There are many reasons for the above. First off, when all is well with the economy, the impact of missteps by management are diminished by upward momentum. The ever-present threat of a competitor willing to ease terms and ask fewer questions also tends to lead toward a less aggressive (some might argue intrusive) approach. Credit officers are never sated in their quest for information, but the sales side of the bank tends to hold a slightly stronger position in the decision making process when the economy is positive.
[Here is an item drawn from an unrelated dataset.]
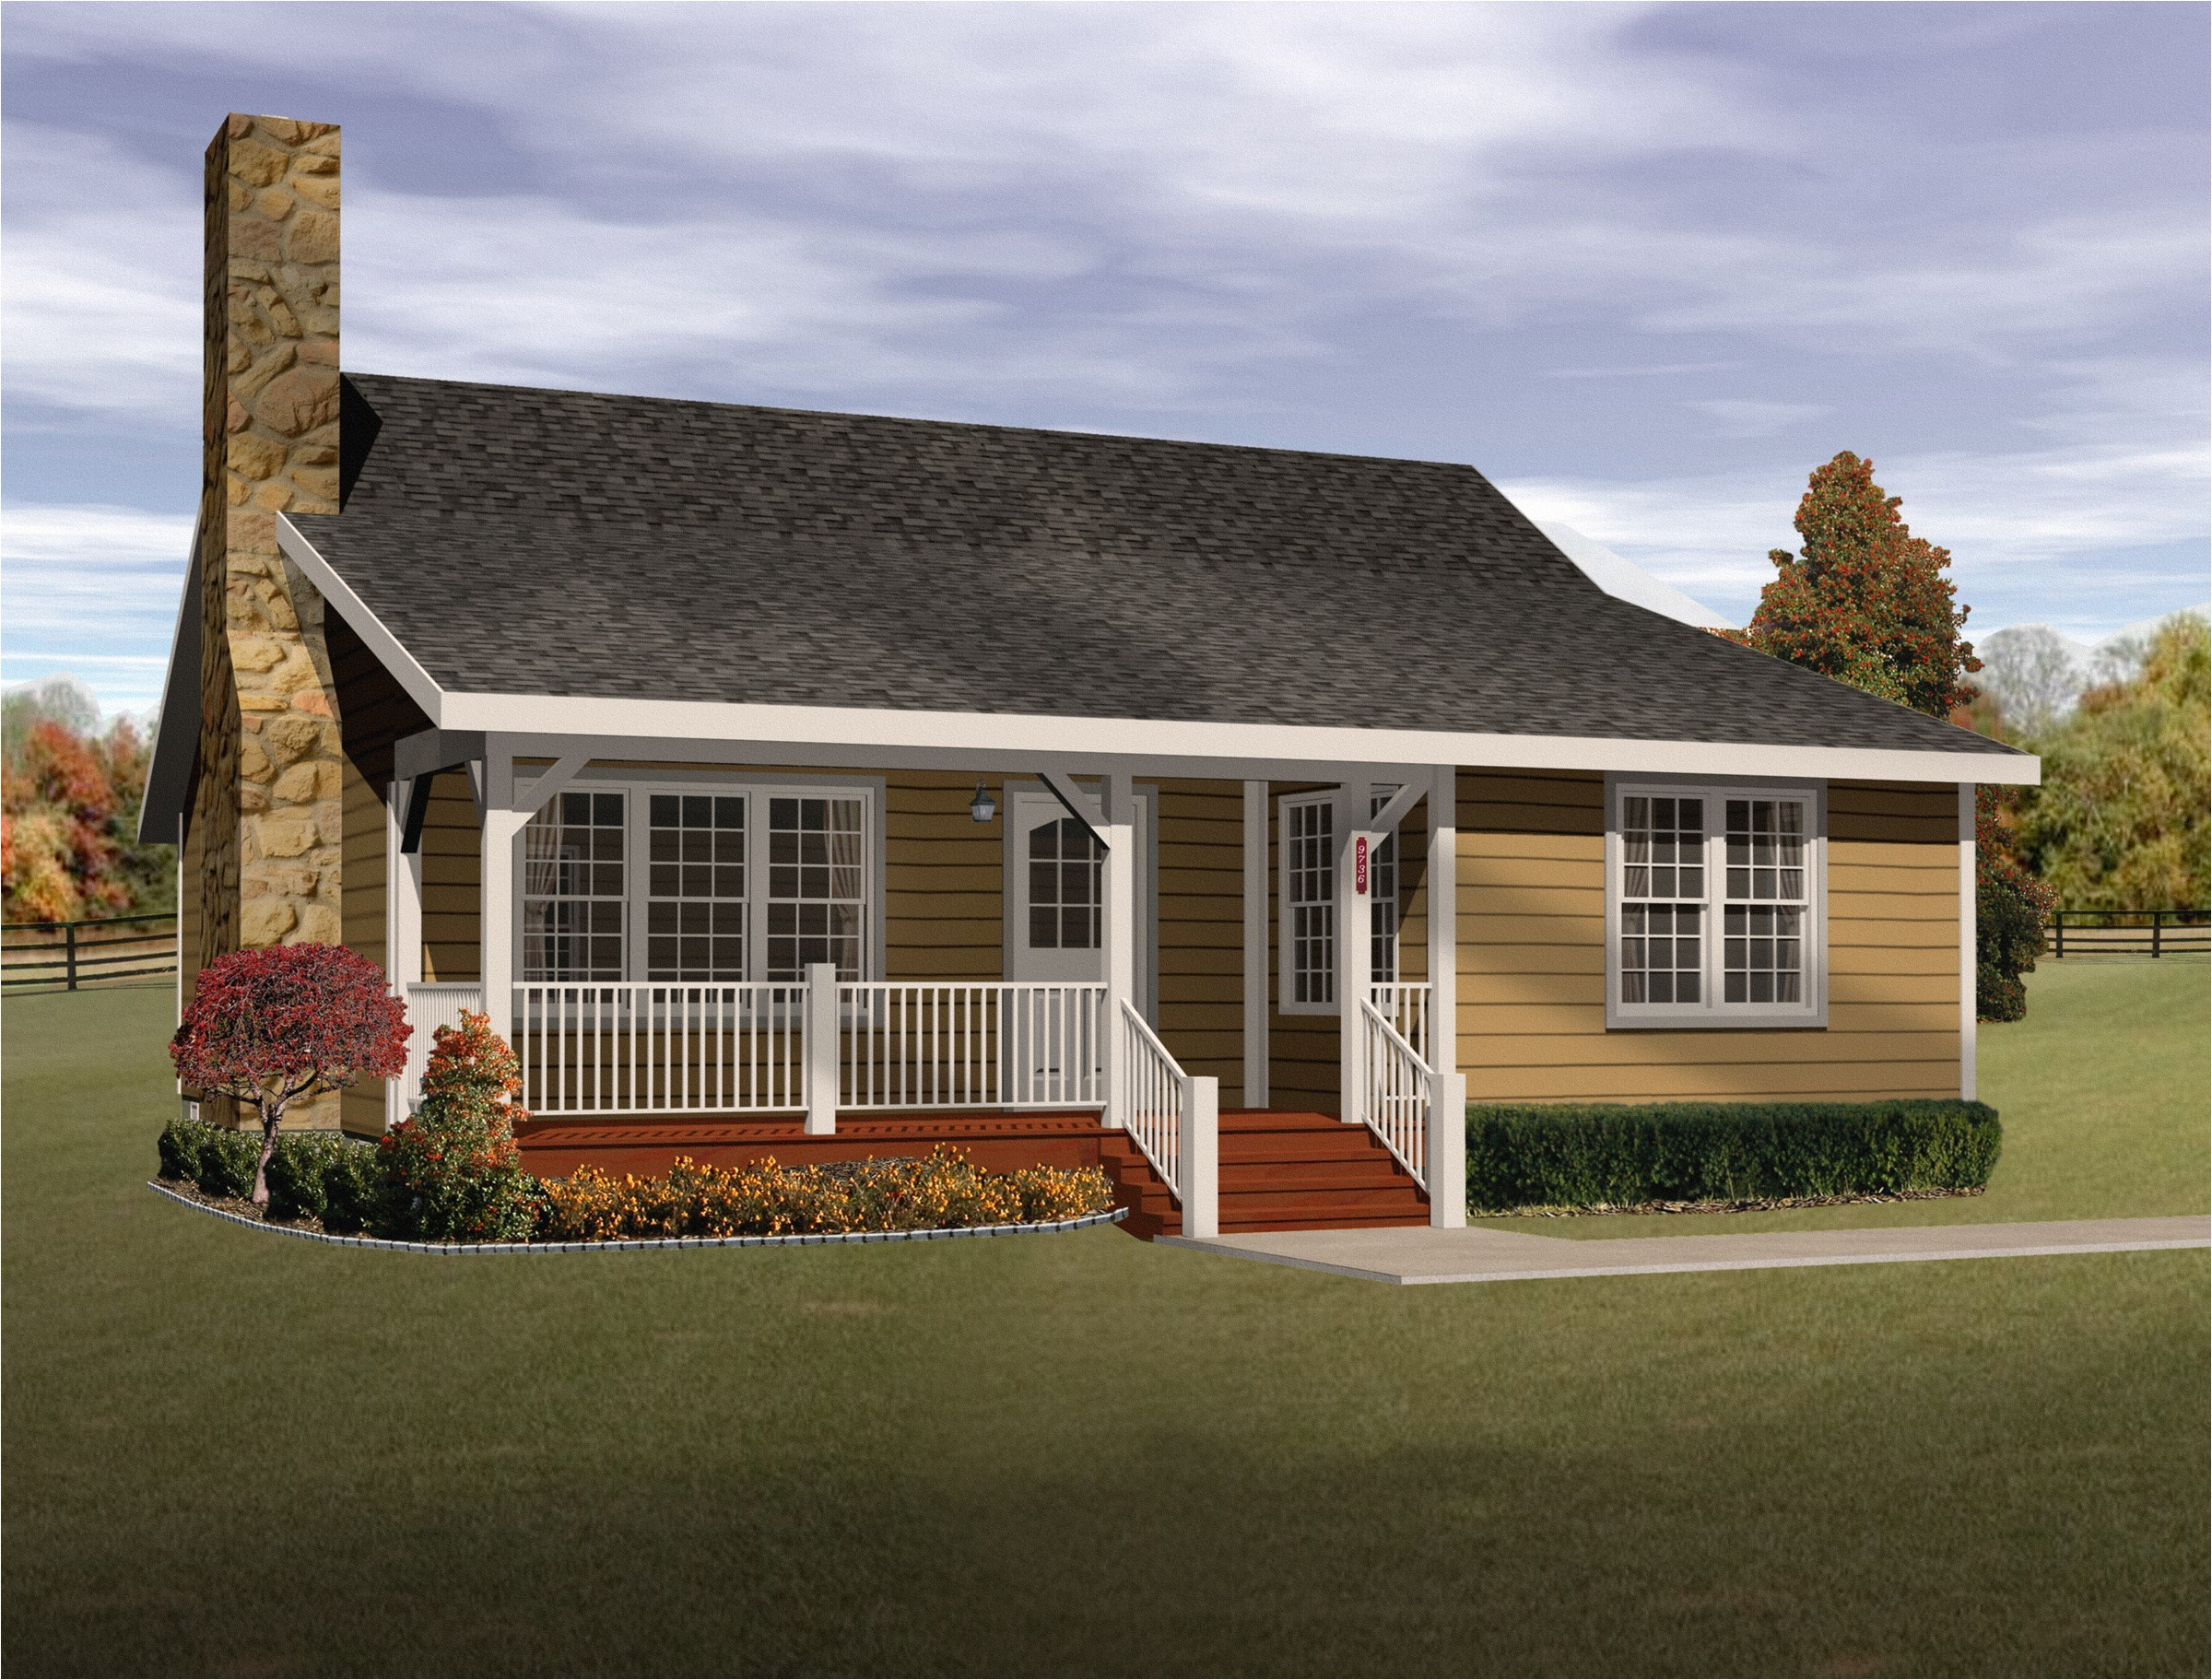 cozy cottage home plan 2256sl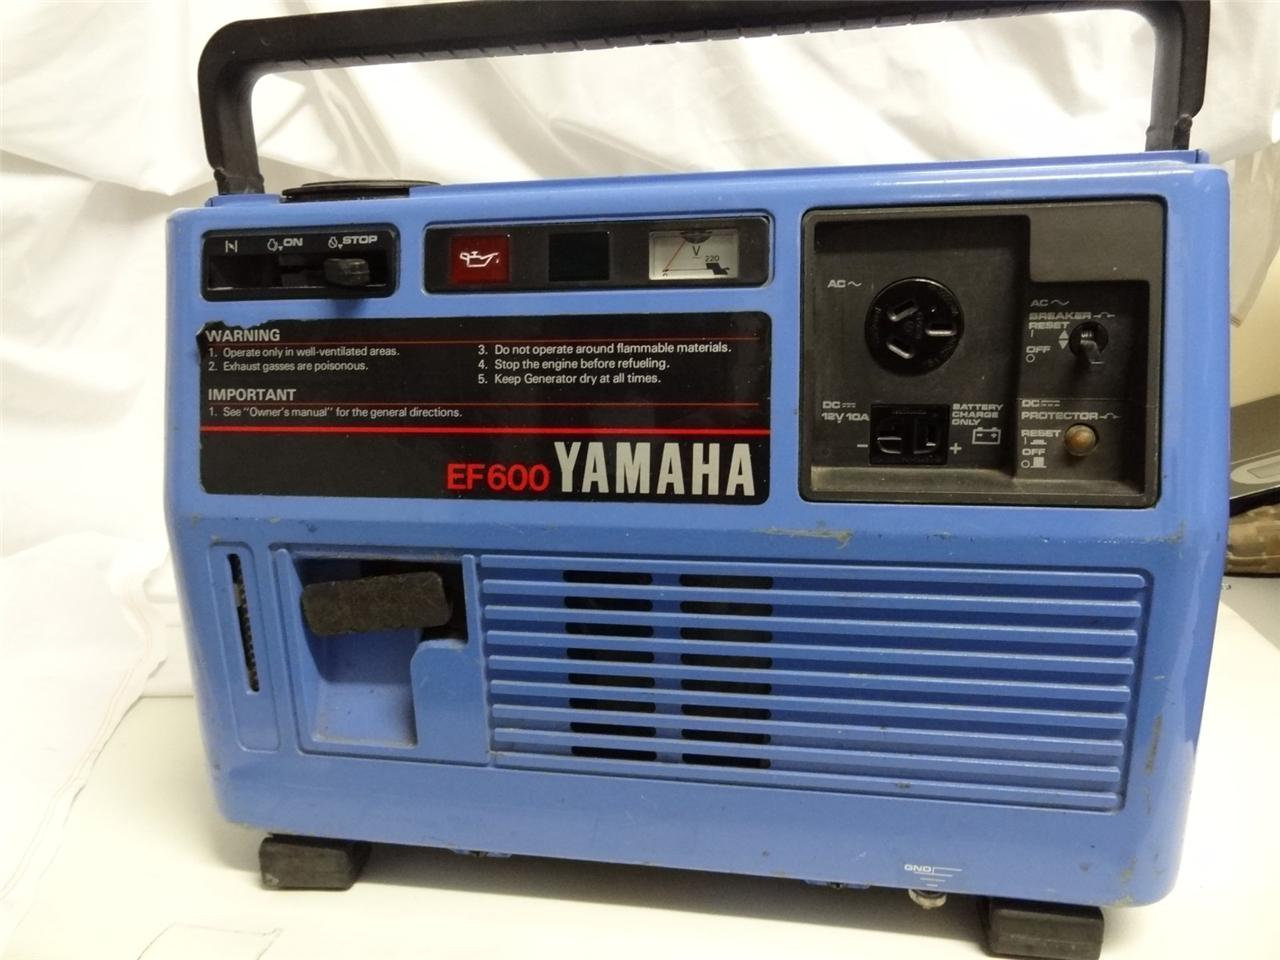 Yamaha ef600 portable generator ac dc 600 watts 4 stroke for Ef600 yamaha generator

In today’s environment, in stark contrast to the above, the rules change. For me this particular economic cycle has proven to be dramatically different than the mid-80s, the early 90s, or the post-911 recessions. I say that because on several occasions I have seen borrowers under stress oftentimes not due to their own actions (or ineffectiveness), but rather as the result of situations far-removed from their immediate control. A disruption in the supply chain, the failure or rapid decline of a key financial partner, or constraints imposed due to the rapid rise in prices (fuel, transportation, insurance, raw materials) have all worked to the detriment of entrepreneurs everywhere. The rapidity of some of those declines coupled with the unexpected nature of some of the causes has led to a much-heightened effort to know about every nuance of a client’s business.
While more questions, on topics never before considered, might, at first, be considered an unwelcome intrusion, I am confident that in helping your banker know your company better than ever before, you will allow your banker to be your best advocate in a tough market. Don’t fail to take the opportunity to educate your banker (and, I’d advise, your “plan b” banker should the incumbent banker and related institution deliver disappointing answers, or itself fall upon difficult financial circumstances) of all that you are facing – good, bad, the what ifs. Share information early, and then allow your banker adequate time to consider the impact of what you have shared, and to ask you for follow-up.
In doing the above you will be positioning yourself best for your bank’s continued support, and you for your company’s long term success.